1. A motion normative detection method based on time consistency comparison learning is characterized by comprising the following steps:

secondly, performing strong enhancement processing and weak enhancement processing on a second quantity of video data which are not marked to obtain strong enhancement data and weak enhancement data respectively;

inputting the characteristics of strong and weak enhancement data into a time consistency behavior action alignment network to obtain strong and weak enhancement image characteristics, searching and aligning nearest frames of similar actions between image characteristic sequence pairs consisting of the strong and weak enhancement image characteristics to obtain a similar action initial frame and an end frame set between the image characteristic sequence pairs;

2. The method for detecting the action normativity based on the time consistency comparison learning as claimed in claim 1, wherein the second step is specifically as follows:

setting non-cutting video data as

，

For the video of the i-th frame,

Wherein

Is an RGB image having a height H x W,

，

I.e. strongly enhanced data, weakly enhanced image sequence of

I.e. weak enhancement data;

the weak data enhancement mode is color enhancement combined with scale transformation, and the strong data enhancement mode is video segment replacement combined with scale transformation; the video clip is replaced by: and (3) dividing the video into any section not greater than M, and randomly disturbing the divided sections.
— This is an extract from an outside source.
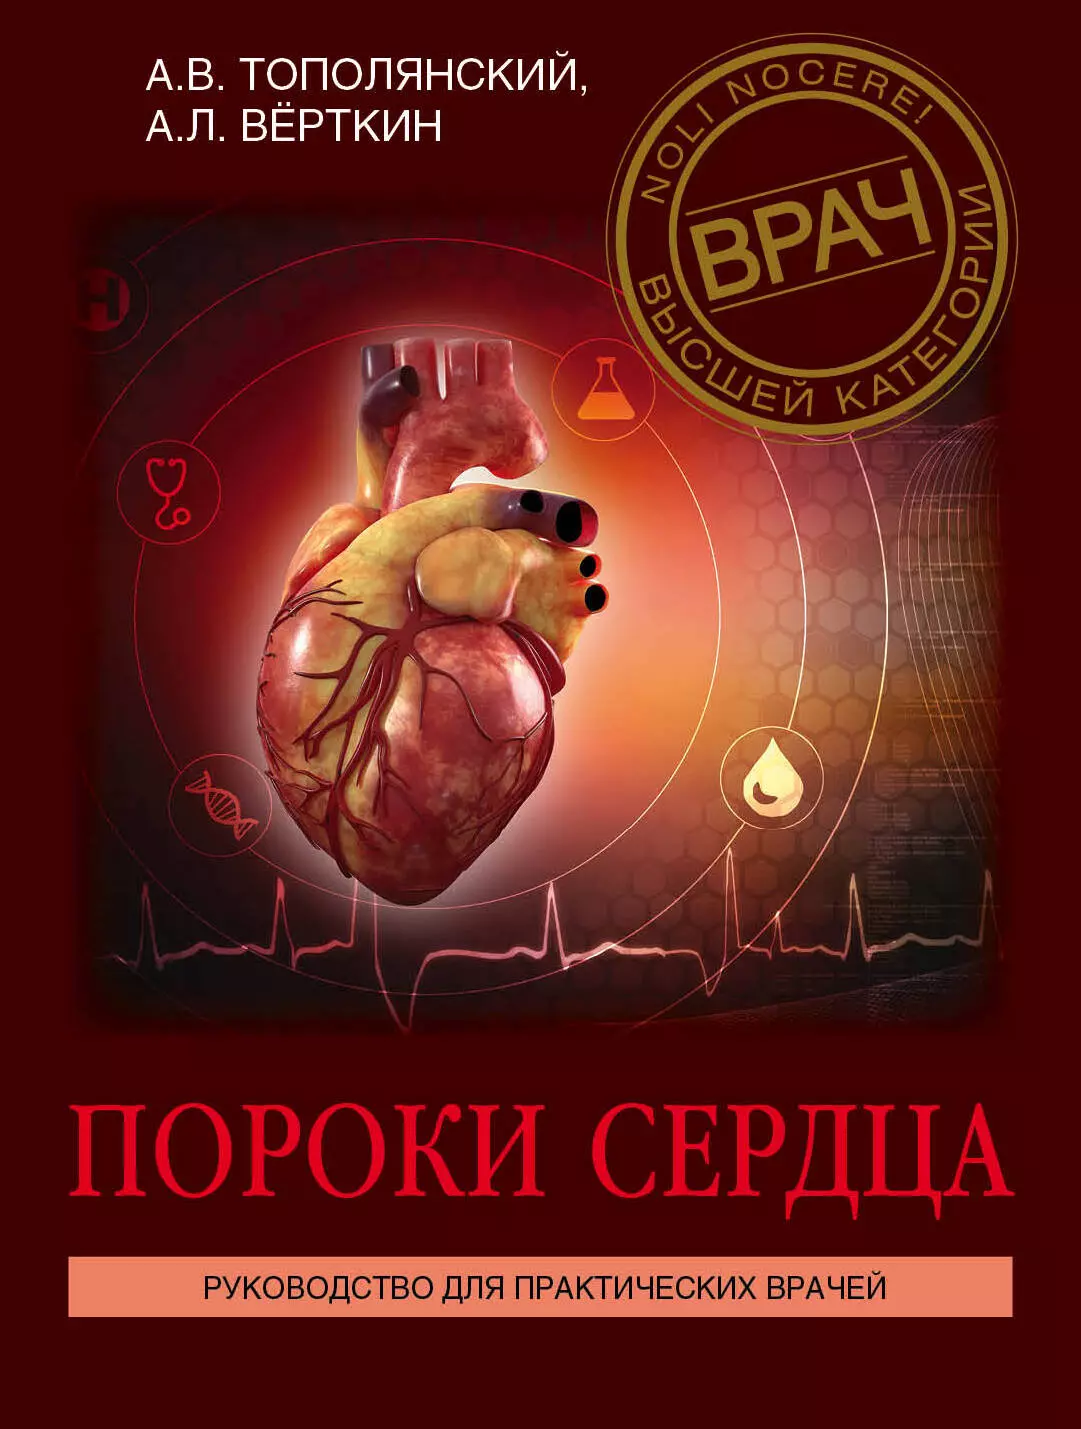 Верткин Аркадий Львович - Пороки сердца. Руководство для практических врачей

3. The method for detecting the action normativity based on the time consistency comparison learning as claimed in claim 2, wherein the third step is specifically as follows:

And

mapping the high-dimensional features by a 3D ResNet50 self-encoder

Wherein

To represent

Or

，

，

As a function of the 3D ResNet50,

，

for outputting the feature vector dimensions, i.e. features from strong enhancement data obtained after passing through the self-encoder

And features of weakly enhanced data

。

4. The method for detecting the normative behavior based on the time consistency comparison learning as claimed in claim 3, wherein the fourth step comprises the following substeps:

step 4.1, the characteristics of the data are enhanced strongly

And features of weakly enhanced data

And

wherein

step 4.2, for the image characteristic sequence output in the step 4.1

And

In that

In the nearest neighbor frame

To obtain

Back to back calculation

In that

In the nearest neighbor frame

Wherein

，

，

Representing a sequence of image features

：

，

,

，

Wherein

And

individual watchImage feature sequence

The j and k frames in (1) weakly enhance image features,

to represent

And

a measure of the degree of similarity between the two,

the presence of a real label is indicated,

representing a predicted value;

And action end frame set

and

and

5. The method for detecting the normative behavior based on the time consistency comparison learning as claimed in claim 4, wherein the step five comprises the following substeps:

step 5.1, the image feature sequence output in the step 4.1 is processed

And

And

wherein

For the ith frame strong enhancement image perception feature map,

And

unify the length of the similar action sequence, get

And

Wherein the positive sample

Number N, negative example

The number is 2 rho B-N, B represents the number of input videos, and a contrast loss function is defined by using cosine similarity calculation

：

Wherein q represents

And

all the segments of which the similarity is to be calculated,

is a temperature-over-parameter that is,

denotes the cosine similarity between q and k, where k denotes

And

。

6. the method for detecting the action normativity based on the time consistency comparison learning as claimed in claim 5, wherein the sixth step is specifically as follows:

7. An action normative detection device based on time consistency comparison learning, which is characterized by comprising one or more processors and is used for realizing the action normative detection method based on time consistency comparison learning of any one of claims 1 to 6.

8. A computer-readable storage medium, characterized in that a program is stored thereon, which when executed by a processor, implements the action normative detection method based on time-consistency comparison learning according to any one of claims 1 to 6.